2.9. Antimicrobial Activity Assay

After purification, the antimicrobial activity of the purified fraction was assessed using the AWDA (agar well diffusion assay) method. This method was performed using 0.8% Mueller–Hinton agar medium plates inoculated with three strains of P. aeruginosa as indicator organisms. Two strains of P. aeruginosa, i.e., PA01 and PA03, were used as clinical strains, whereas PA02 was the standard strain from ATCC BAA-1744. This soft Mueller–Hinton agar medium was overlayed on the base Mueller–Hinton agar plates. Then, 100µL of bacteriocin was inserted into wells of 6 mm diameter cut out on prepared agar plates, and then the culture was incubated overnight. After incubation, a zone of inhibition was formed because of the antimicrobial properties of the bacteriocin, and the inhibition zone diameter of microbial growth was estimated [41]. The bacteriocin was tested in the concentration range of 25 µg/mL to 200 µg/mL for the determination of the Minimum Inhibitory Concentration (MIC).

2.10. Influence of pH, Heat, and Proteolytic Enzymes on Enterocin KAE01

2.10.1. Temperature

Purified enterocin, redissolved in 0.05% acetic acid, was tested at various temperatures (20 °C, 4 °C, 30 °C, 60 °C, and 100 °C) for 1 h, as well as under autoclave conditions (121 °C at 15 psi for 15 min) to see how enterocins were affected by the temperature. The residual bacteriocin activity against the bacterial indicator strains was measured by the agar well diffusion method [44].

2.10.2. pH

Purified enterocin was redissolved in 0.05% acetic acid, which was adjusted to different pH levels of 2.0, 3.0, 4.0, 5.0, 6.0, 7.0, 8.0, 9.0, and 10.0 with 1.0 M HCl or 1.0 M NaOH to test pH stability. For one hour, samples were incubated at 37 °C. By using the agar well diffusion method against the bacterial indicator strains, the residual bacteriocin activity was assessed [44].

2.10.3. Enzymes

Different enzymes were added to purified enterocin, redissolved in 0.05% acetic acid, to test its enzymatic sensitivity at 37 °C: proteinase K (pH 7.5), trypsin (pH 8.0), pepsin (pH 2.0), and chymotrypsin (pH 3.0). The enterocin enzyme mixture was incubated for 1 h and then boiled for 5 min to inactivate the enzymes. The enzymes were used at a concentration of 75 µg/mL. The agar well diffusion test was used to determine the remaining antibacterial activity against the bacterial indicator strains [44].

2.11. Statistical Analysis

Data were analyzed using SPSS version 25. The Mean and Standard Deviation were computed for numeric variables. ANOVA was applied to compare the zone diameters with respect to the pH level, temperature, and proteolytic enzymes. A p-value ≤ 0.05 was considered statistically significant.

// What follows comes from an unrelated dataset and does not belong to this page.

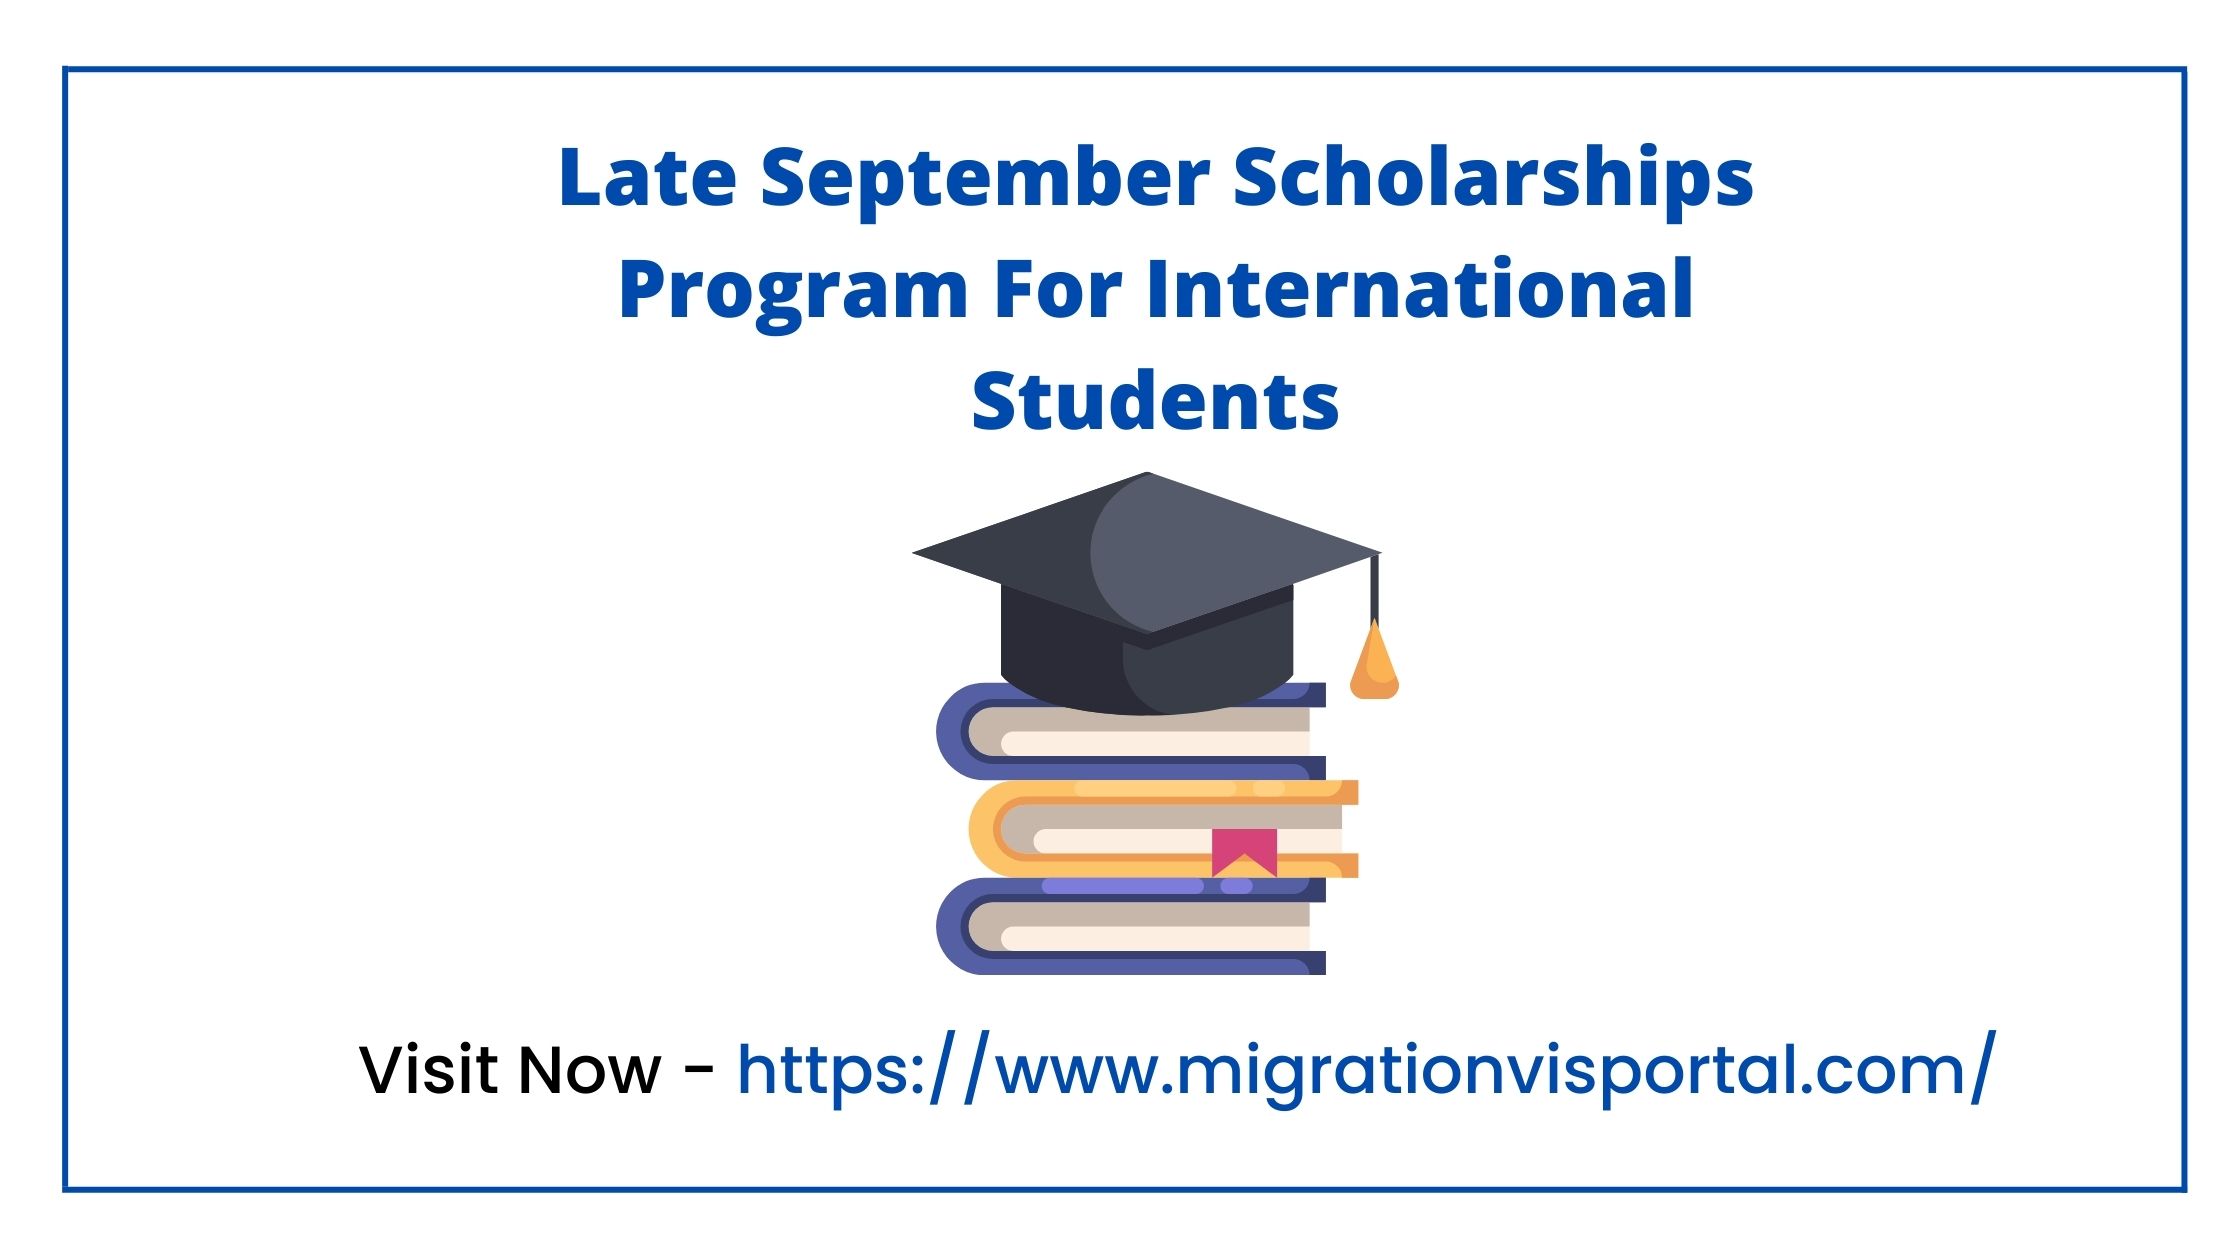 Late September Scholarships Program For International Students

2.12. Scanning Electron Microscopy (SEM)

The indicator strains of P. aeruginosa were exposed to enterocin KAE01 and investigated by SEM. The cultures of the indicator strains were treated with enterocin KAE01 in their exponential phase (optical density of 0.6 at 600 nm) and incubated for 2 h at 37 °C. The control groups were grown without enterocin. The treated and control samples were harvested, washed with potassium phosphate buffer, and fixed with 2.5% (v/v) glutaraldehyde at 4 °C for 4 h. The samples were then dehydrated with gradient alcohol solutions (30%, 50%, 70%, 85%, 90%, and 100%). After lyophilization and gold coating, the samples were observed by scanning electron microscopy (S4800, Hitachi, Japan) [45].

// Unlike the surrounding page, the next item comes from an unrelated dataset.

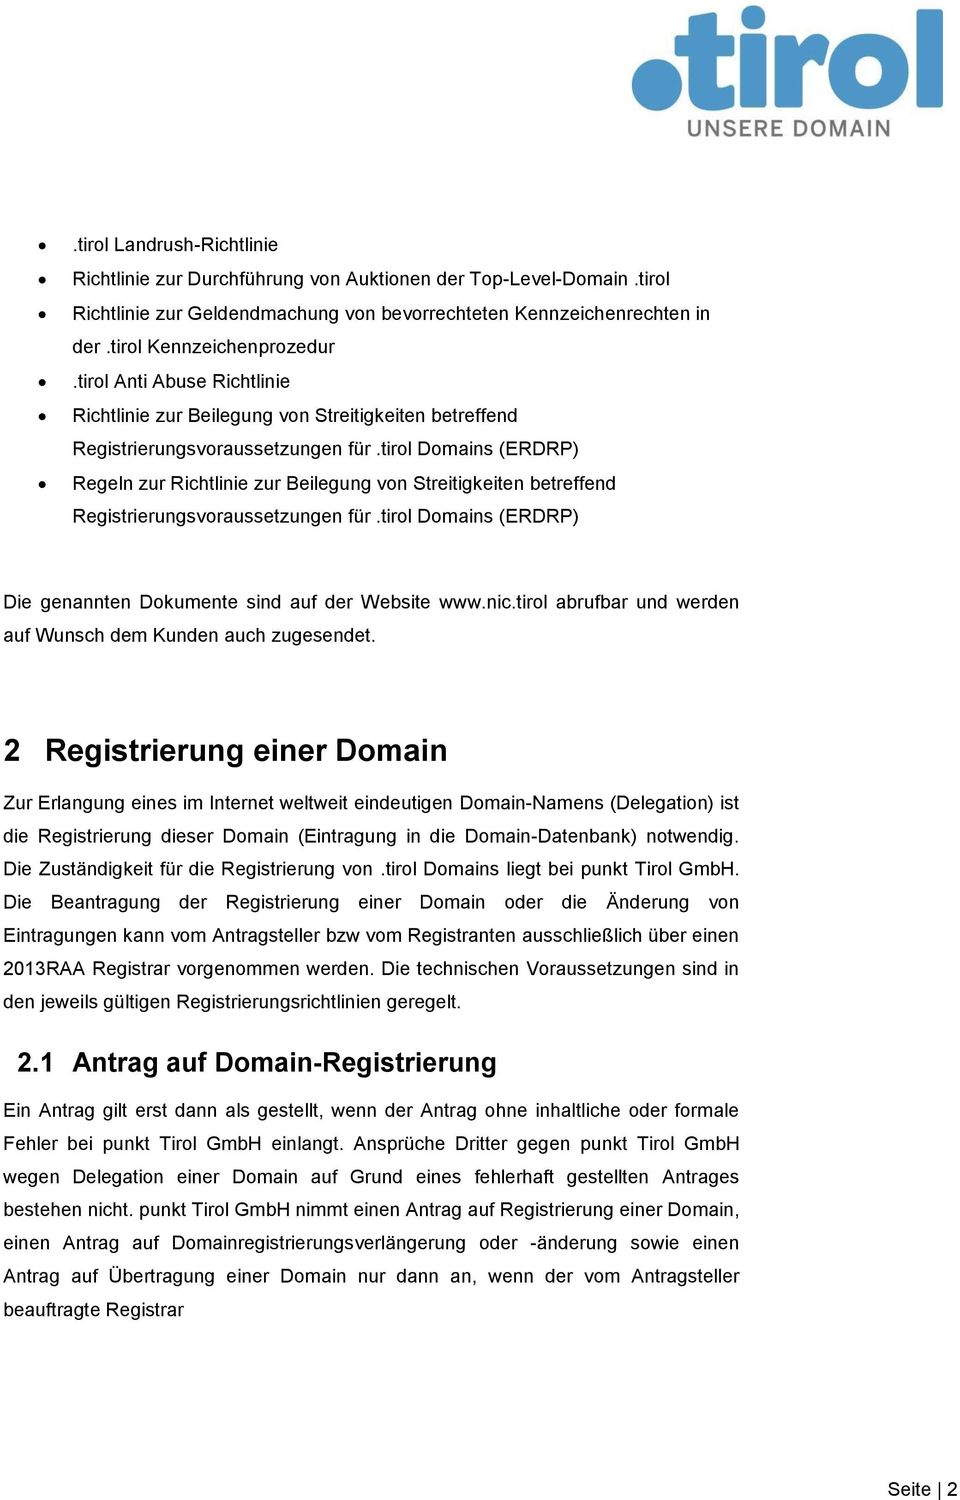 tirol Domains (ERDRP) Regeln zur Richtlinie zur Beilegung von Streitigkeiten betreffend Registrierungsvoraussetzungen für.tirol Domains (ERDRP) Die genannten Dokumente sind auf der Website www.nic.

2.13. Ab Initio Modeling of KAE01

The 3D model of the peptides that formed KAE01 EntP was generated using Robetta with RoseTTa fold as the default option. It uses a deep learning modeling method to build the model and the AB method for the target sequence model, which are non-homologous in PDB (https://robetta.bakerlab.org (accessed on 15 June 2022). Further, the quality of the generated models was evaluated using the online servers of QMEAN (https://swissmodel.expasy.org/qmean (accessed on 17 June 2022) [46] and Ramachandran plots (https://zlab.umassmed.edu/bu/rama/ (accessed on 20 June 2022) [47].

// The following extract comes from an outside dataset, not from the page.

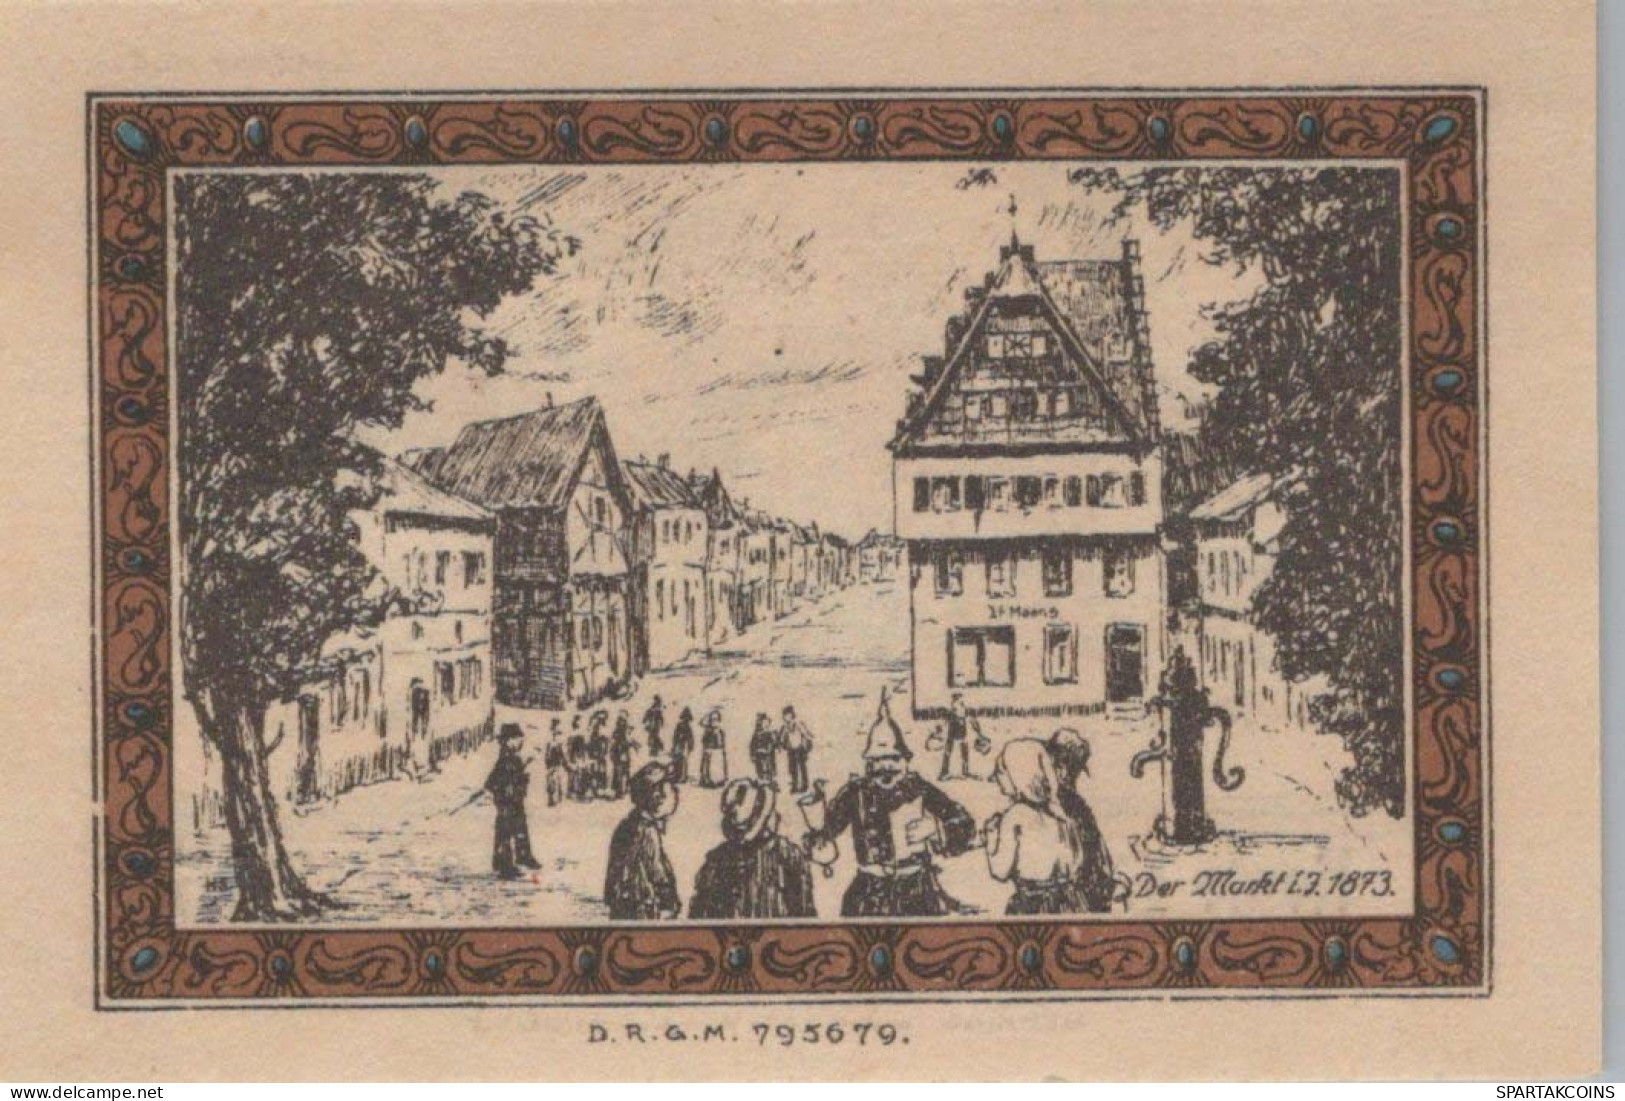 50 PFENNIG 1922 Stadt BRÜHL IM RHEINLAND Rhine UNC DEUTSCHLAND Notgeld #PA315 - [11] Local Banknote Issues

2.14. Peptide–Protein Docking

2.14.1. Protein Preparation

The three-dimensional (3D) structure of the matrix protein of P. aeruginosa A (UniprotKB ID: Q9l4×3) was modeled using MODELLER (v 9.23) software. Two templates with maximum sequence identity and query coverage were used for better homologous structure prediction (Template 1: PDB ID = 5OE3, query coverage = 77%, sequence identity = 100%; Template 2: PDB ID = 1ULT, query coverage = 96%, sequence identity = 25%). Model refinement was performed using the Galaxy Web Server, which relaxes the structure using molecular dynamic simulations (https://galaxy.seoklab.org (accessed on 20 July 2022) [29,48]. Different online servers were used for the structure assessment, including Ramachandran plots (https://zlab.umassmed.edu/bu/rama/ (accessed on 25 July 2022) and QMEAN (https://swissmodel.expasy.org/qmean (accessed on27 July 2022).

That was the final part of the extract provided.